Material provided START

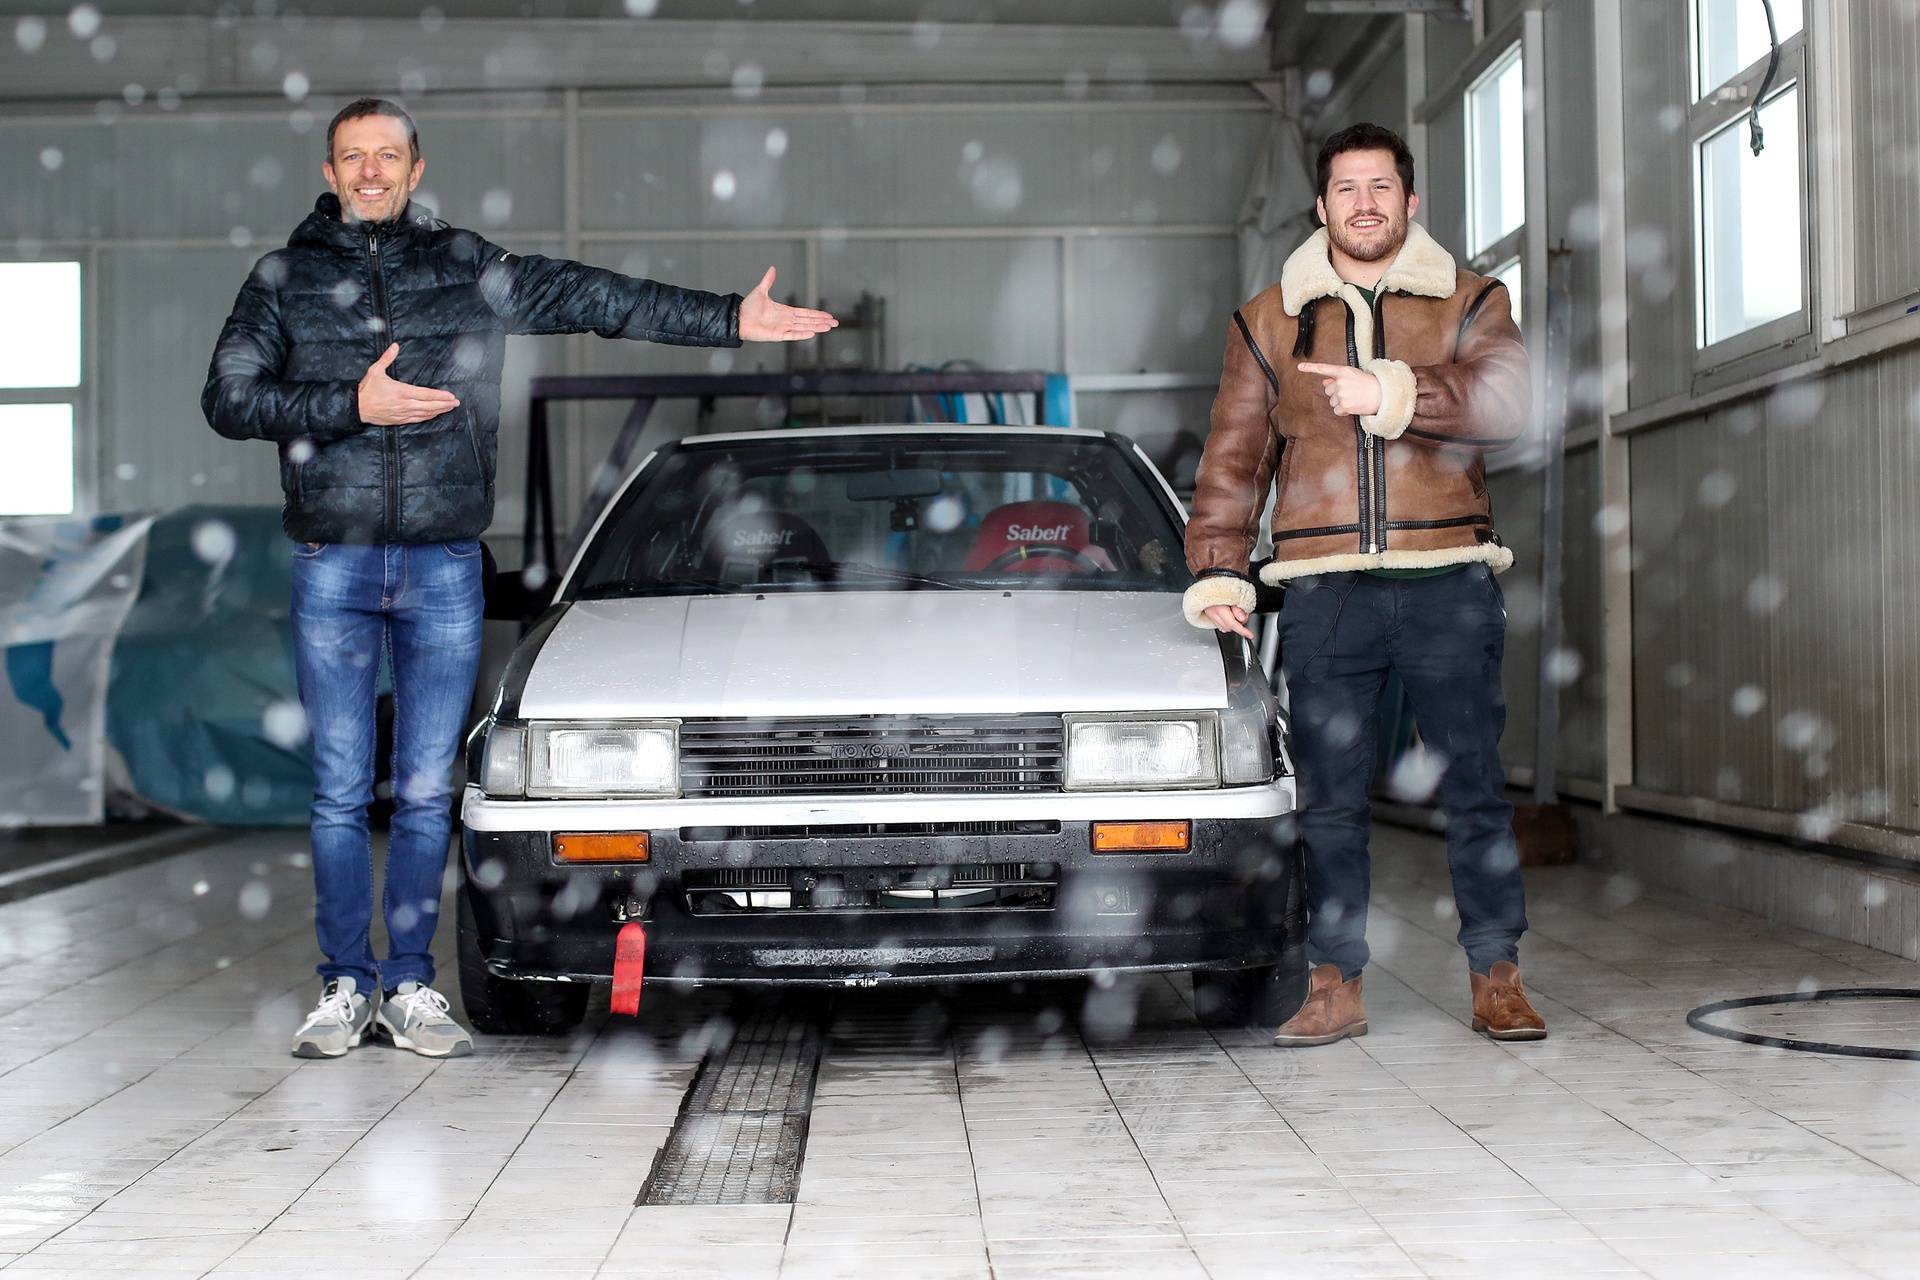 Croata i Šebalj 'zaplesali' tango na snijegu: Riknuo nam je auto
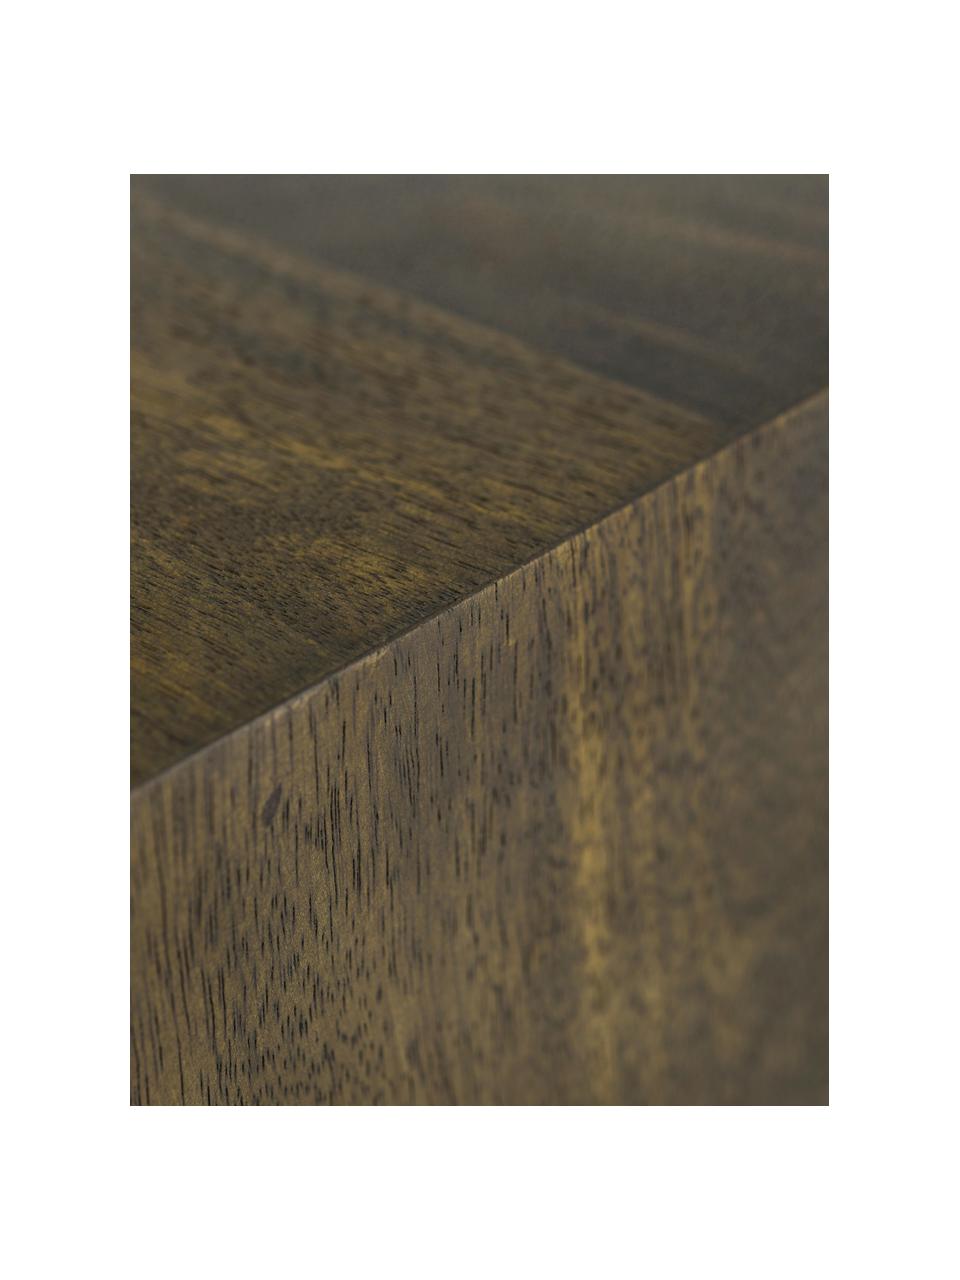 Table d'appoint bois Box, Bois de manguier, MDF (panneau en fibres de bois à densité moyenne), Bois de manguier, larg. 40 x haut. 40 cm
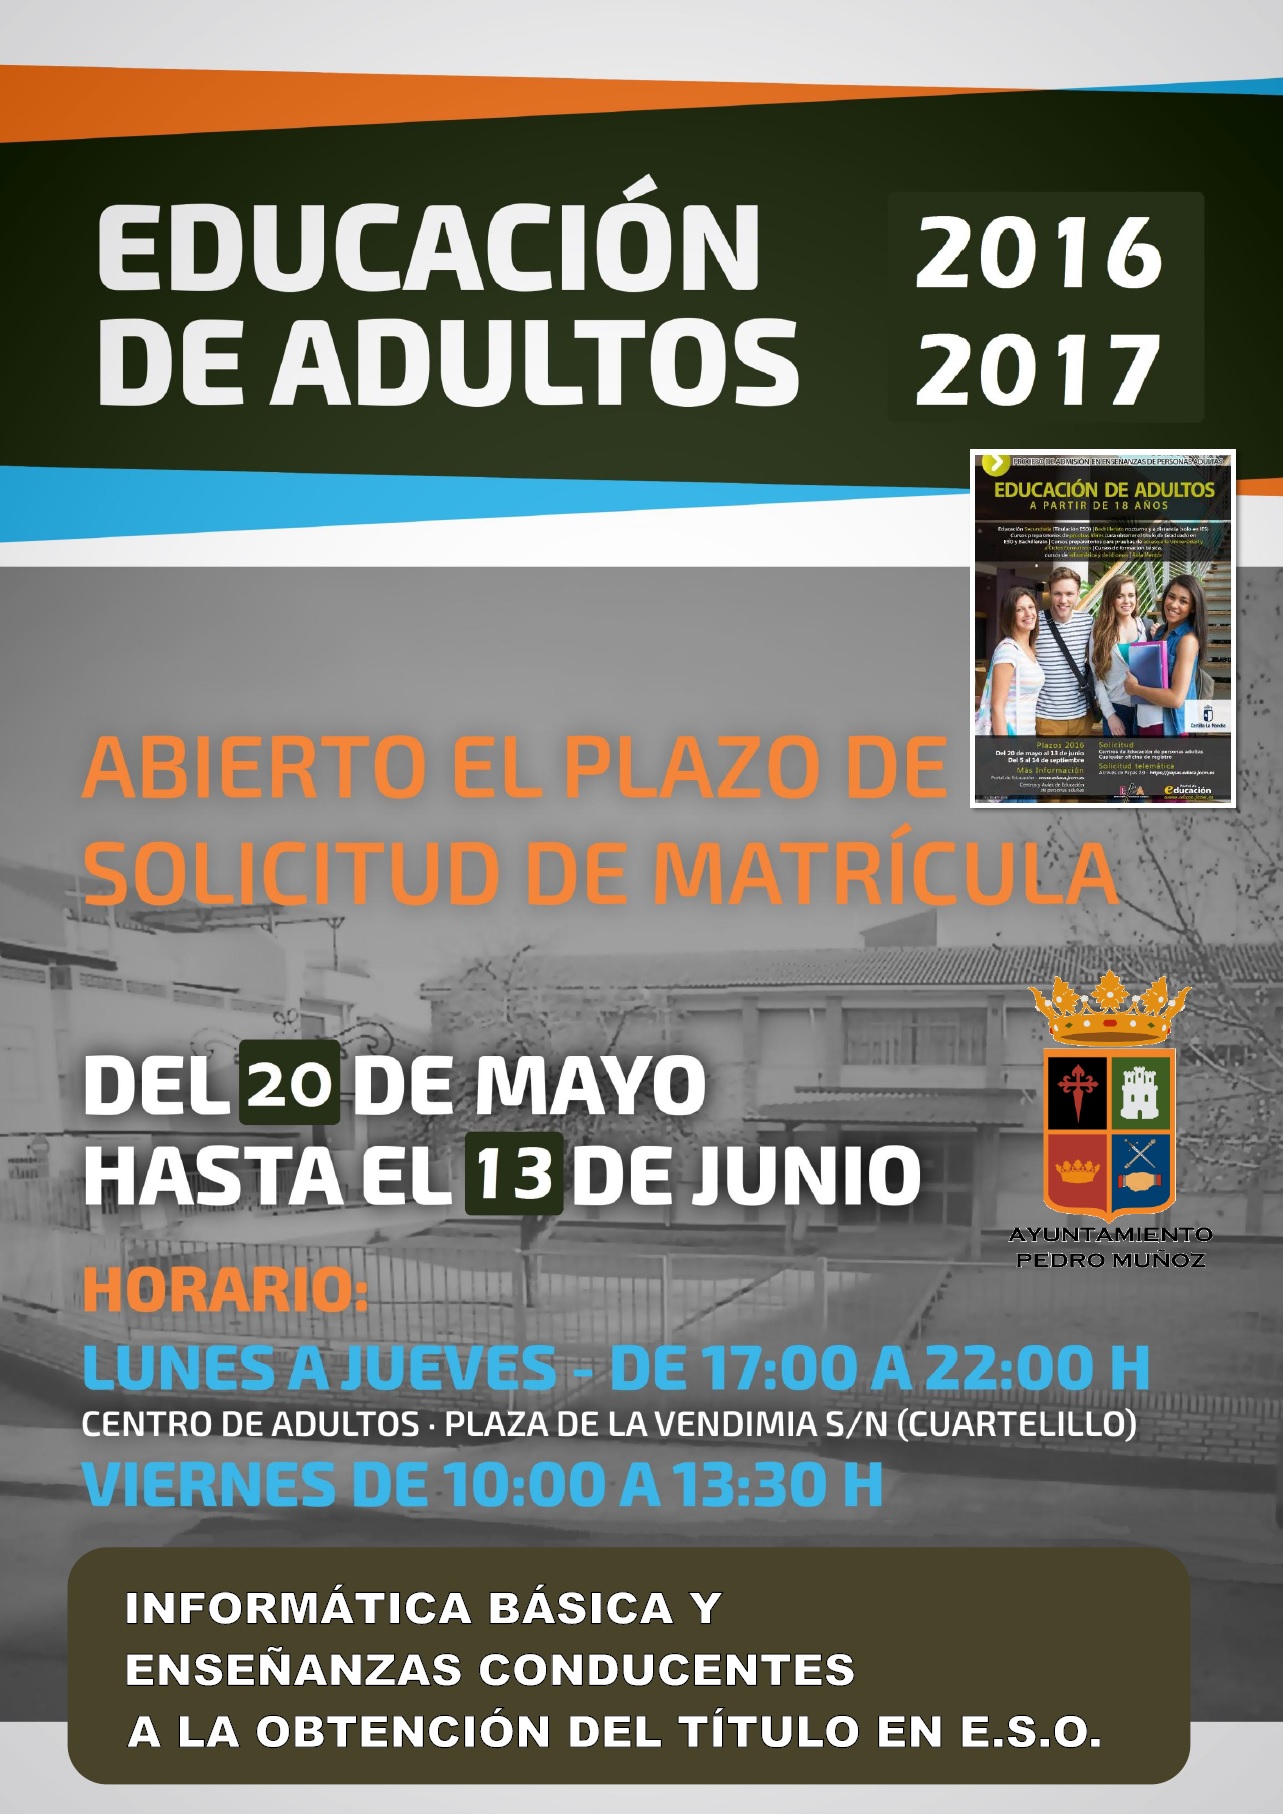 Del 20 de Mayo al 13 de Junio se abre el plaza de admisión para enseñanzas el el aula de adultos de Pedro Muñoz
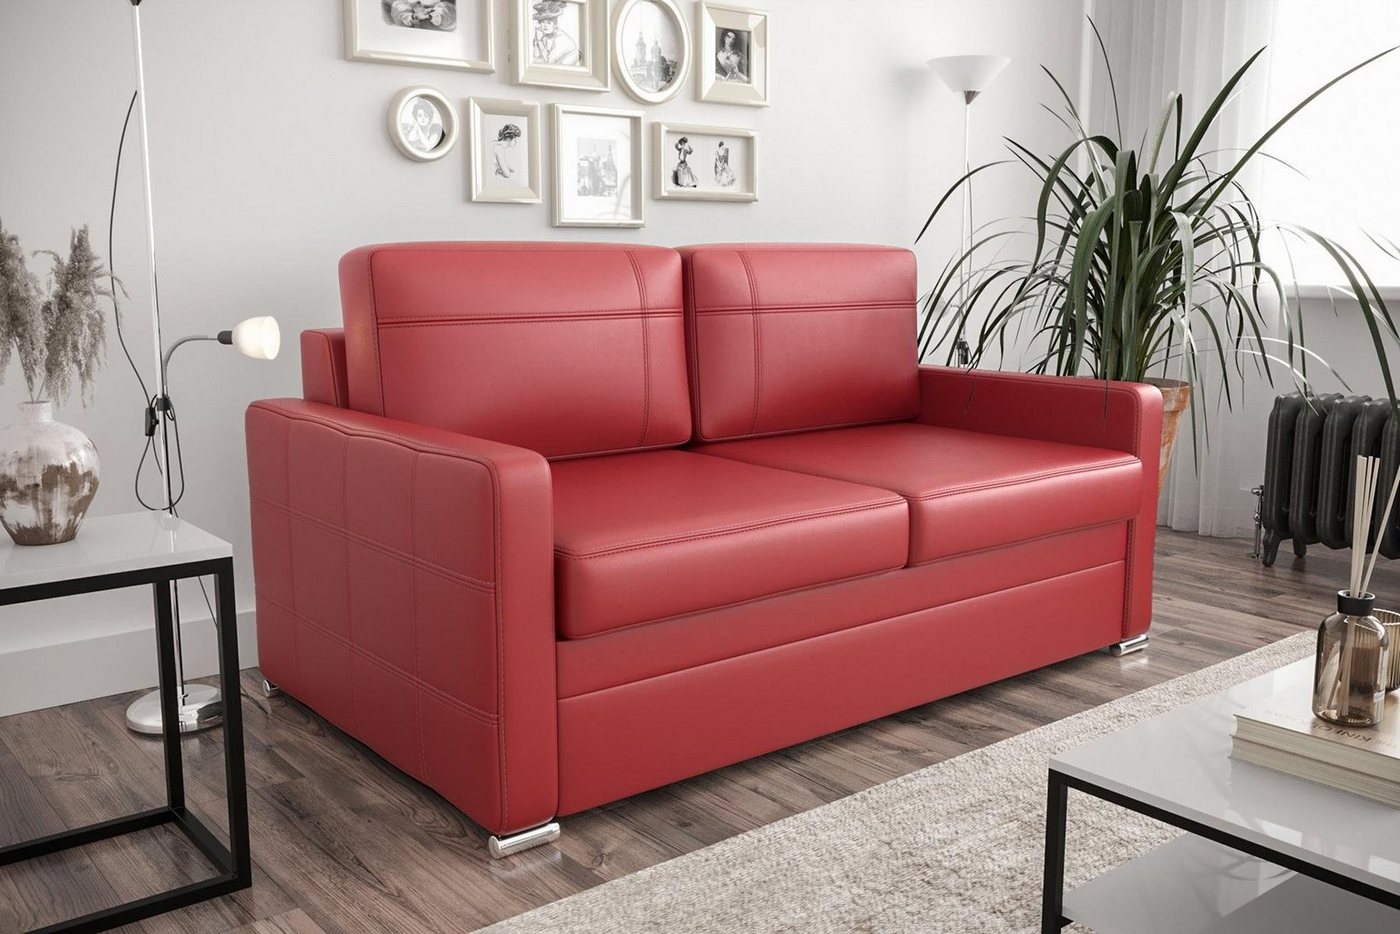 JVmoebel Sofa Designer 2-Sitzer Sofa Luxus Couch Polster Zweisitzer Couchen, Made in Europe von JVmoebel

Material provided END

§ **What is expected**
From the first line to the last, reproduce the listing above exactly, leaving the pictures out.

§ **Exercise solution**
 Croata i Šebalj 'zaplesali' tango na snijegu: Riknuo nam je auto
 Table d'appoint bois Box, Bois de manguier, MDF (panneau en fibres de bois à densité moyenne), Bois de manguier, larg. 40 x haut. 40 cm
 Del 20 de Mayo al 13 de Junio se abre el plaza de admisión para enseñanzas el el aula de adultos de Pedro Muñoz
 JVmoebel Sofa Designer 2-Sitzer Sofa Luxus Couch Polster Zweisitzer Couchen, Made in Europe von JVmoebel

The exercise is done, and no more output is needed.